Since taking office in 1995, Glendening has made 63 judicial appointments, 23 of them women.
But Andrea Leahy, Glendening’s legal counsel, said it is not the number of female appointments that is important, but that many of them were historic in nature. For instance:
* Sally Adkins, appointed to the Wicomico County Circuit Court in July 1996, became the first female judge on the district or circuit court on the Eastern Shore.
* Glendening also appointed Howard County’s first African- American judge — Alice Clark of the district court.
* In December 1995, Glendening appointed Audrey Carrion to Baltimore’s district court judge. She is the state’s first Hispanic judge of either sex.
“By making these kinds of appointments, it sends a message to the Hispanic and Latino community,” Carrion said. “It lets them know that the judicial system, as well as all other branches of government, are open to all kinds of people and to all colors.”

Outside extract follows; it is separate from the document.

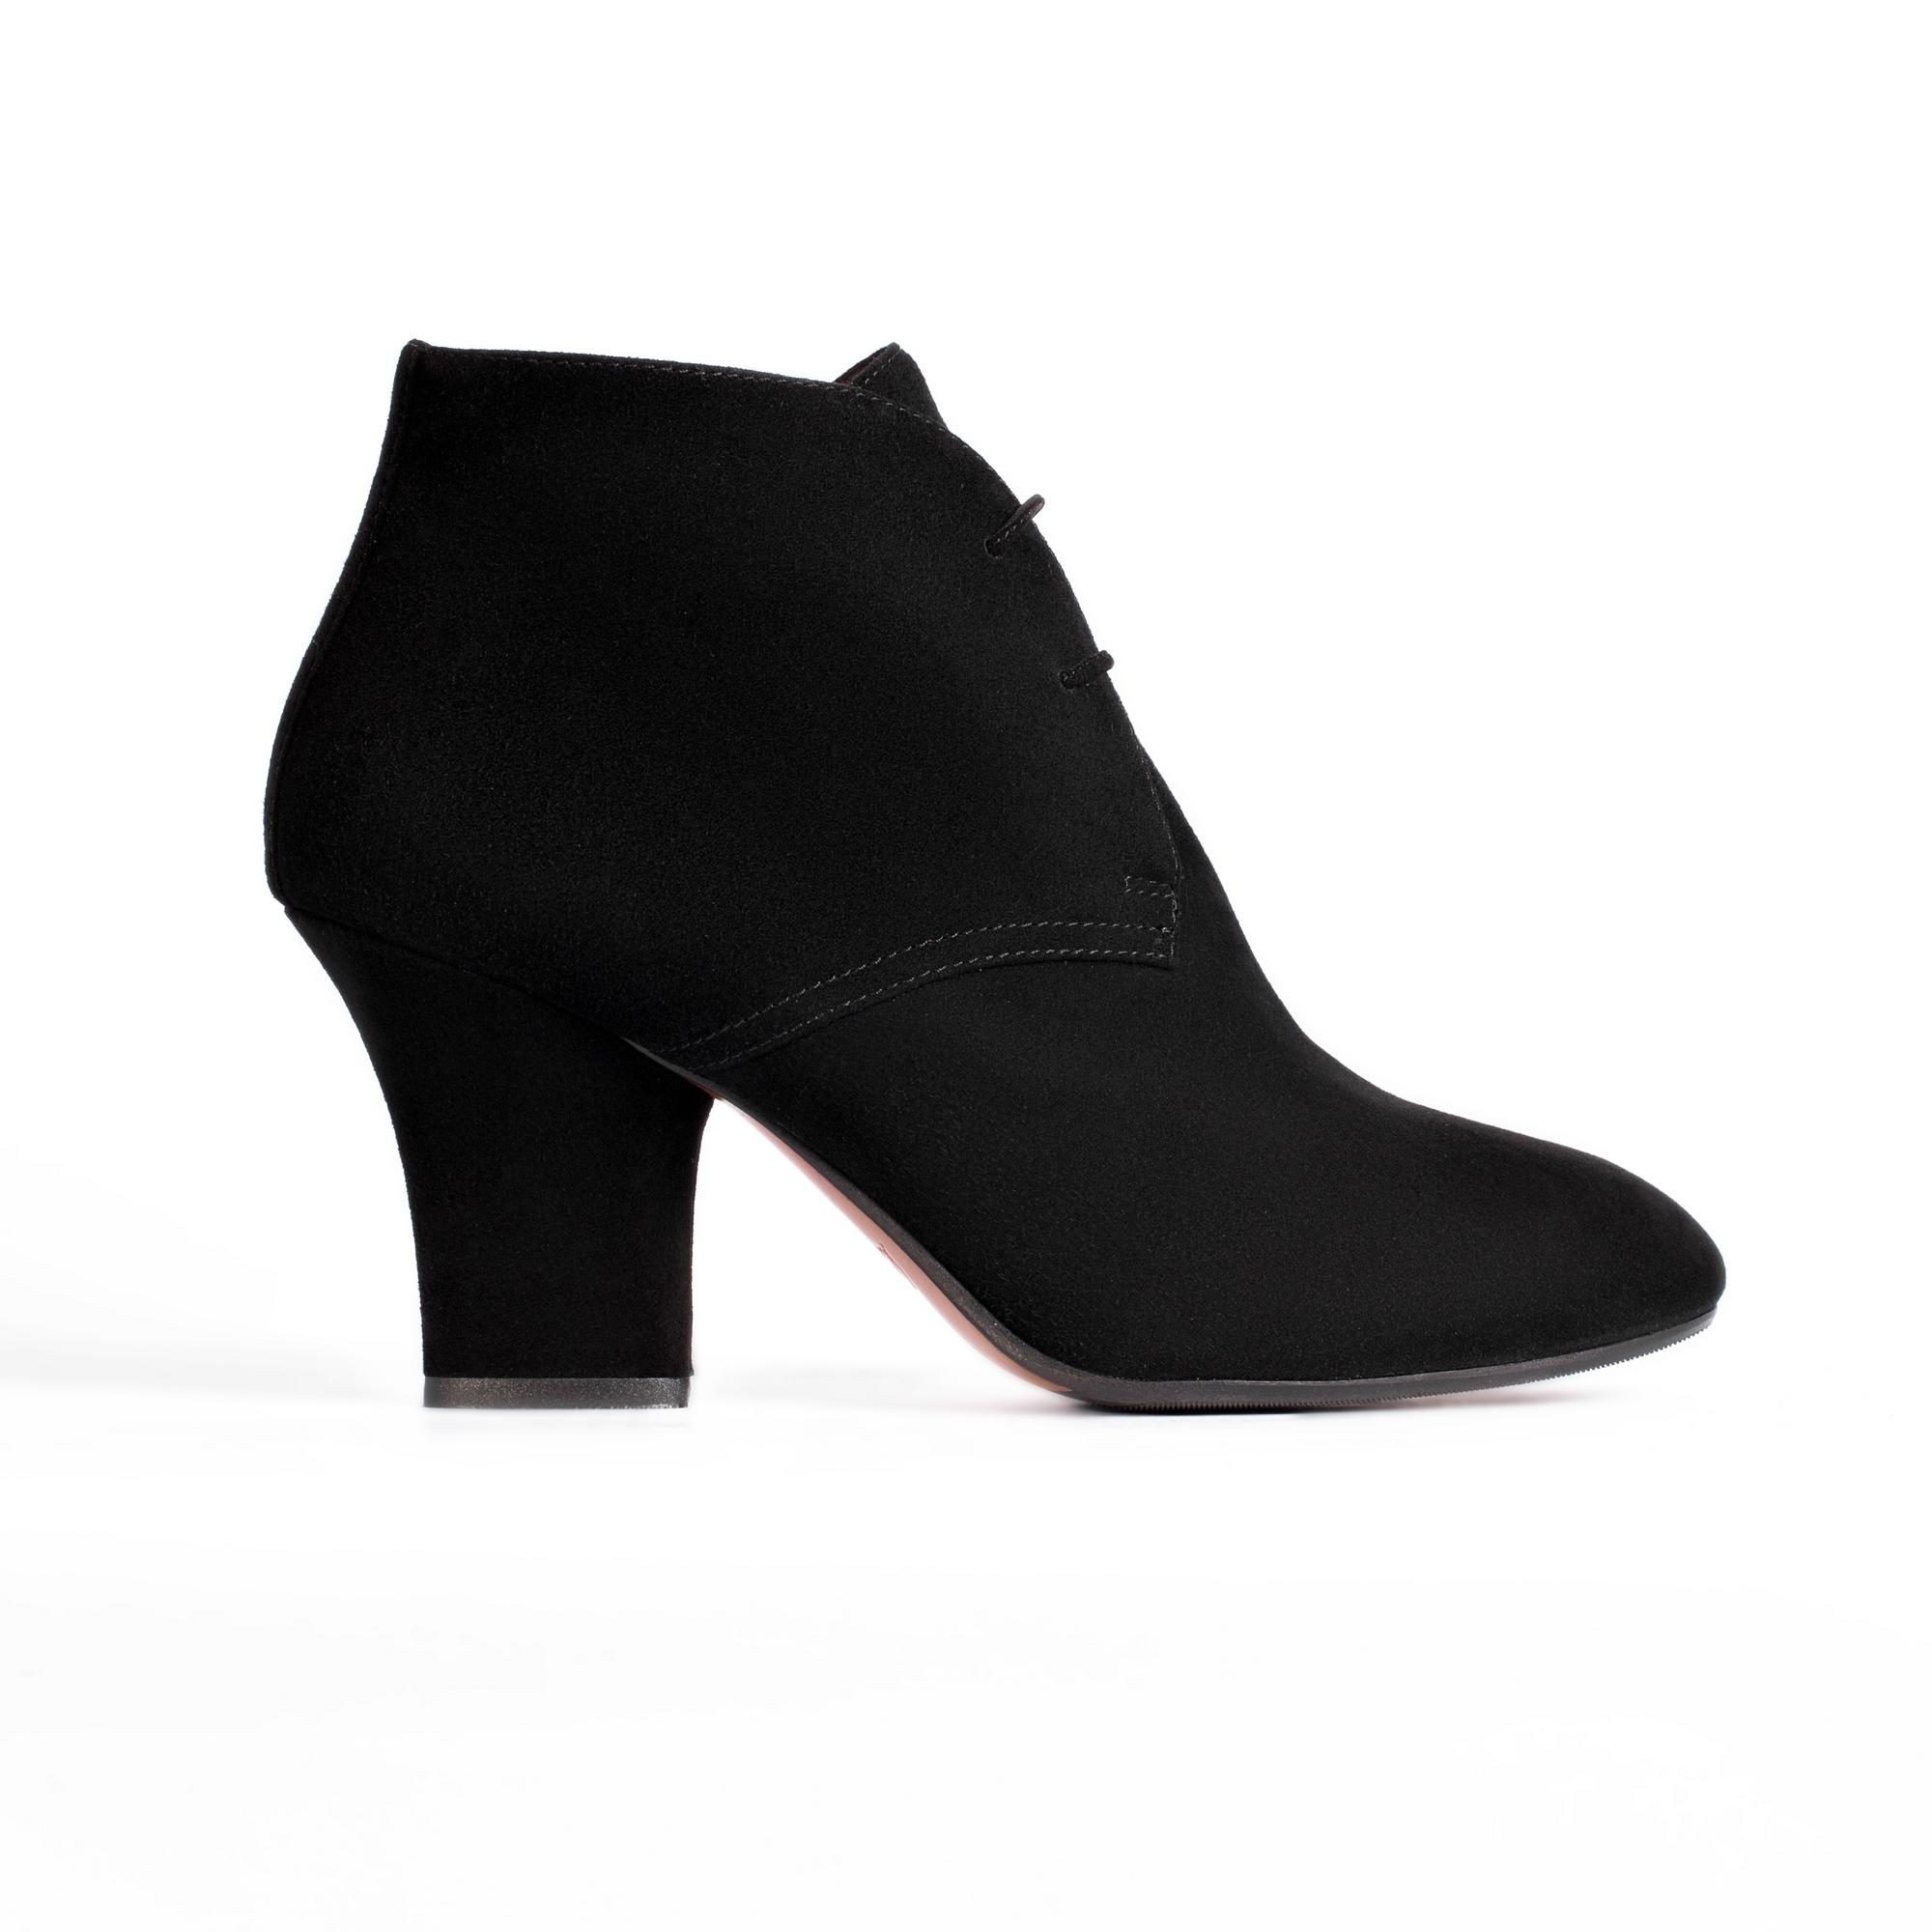 Замшевые ботильоны черного цвета на среднем устойчивом каблуке

Carrion and Clark are among the 15 members of racial minority groups Glendening has appointed, bringing the number of minority judges to 36 — 14 percent of the state’s judiciary.
“There is something wrong when there is not a reflection of the population,” said Ray Feldmann, a spokesman for the governor. “The governor wanted to reverse that pattern.”

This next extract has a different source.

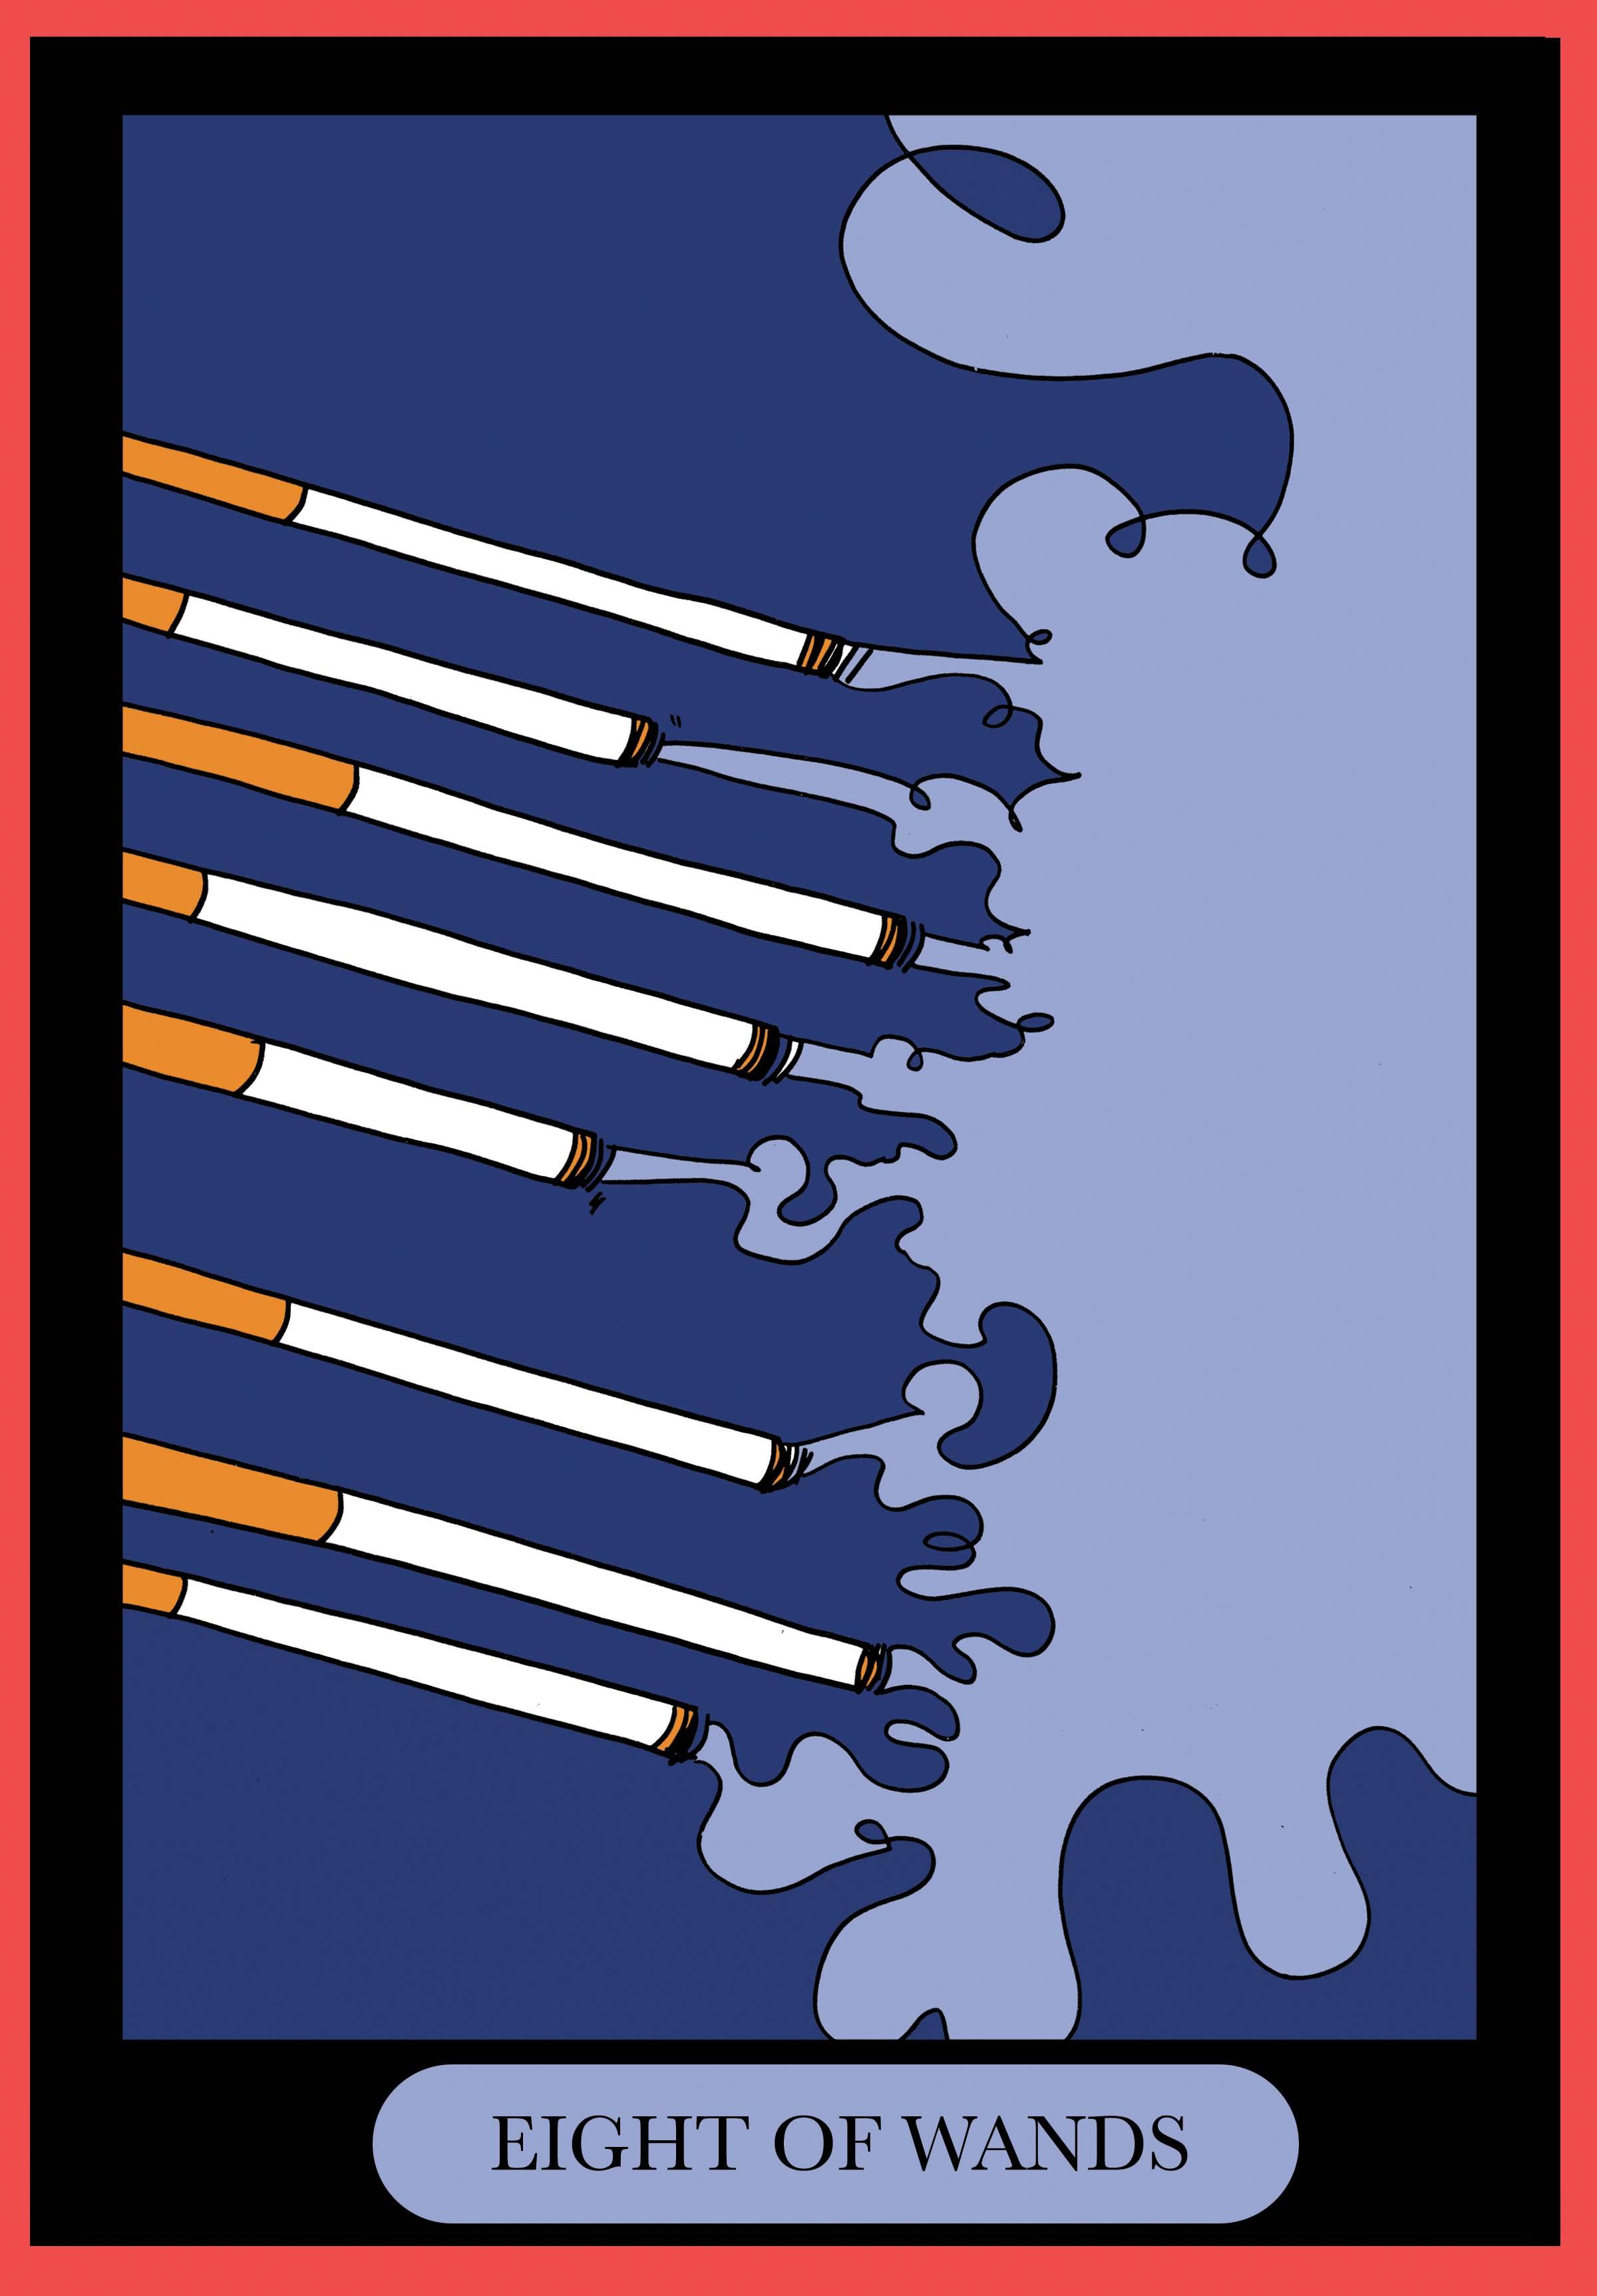 eight-wands.jpg

Glendening issued an executive order in 1995 increasing the number of members he appoints to trial court nominating commissions. He also increased the number of commissions from 15 to 16. Leahy said the order has given the governor the ability to choose more women and African-Americans than in the past.
“It gives him a broader pool from which to select judges from,” she said, adding, “He will continue to look for who is most qualified.”
Elgin, of the Women’s Law Center, said the order’s more important impact was to change the previous system, which tended to favor white male nominees.
“Now there are various women on the nominating commissions,” she said. “It has been a good conduit of getting people into judgeships.”
Joanne Saltzberg, executive director for the Maryland Commission for Women, agreed that the order and Glendening’s actions have helped, but said more needs to be done in the future.
“When you have waited so long for equity, there is a certain amount of impatience that goes along with that,” she said. “It has been painfully slow, but we now can look and see a significant diversity.”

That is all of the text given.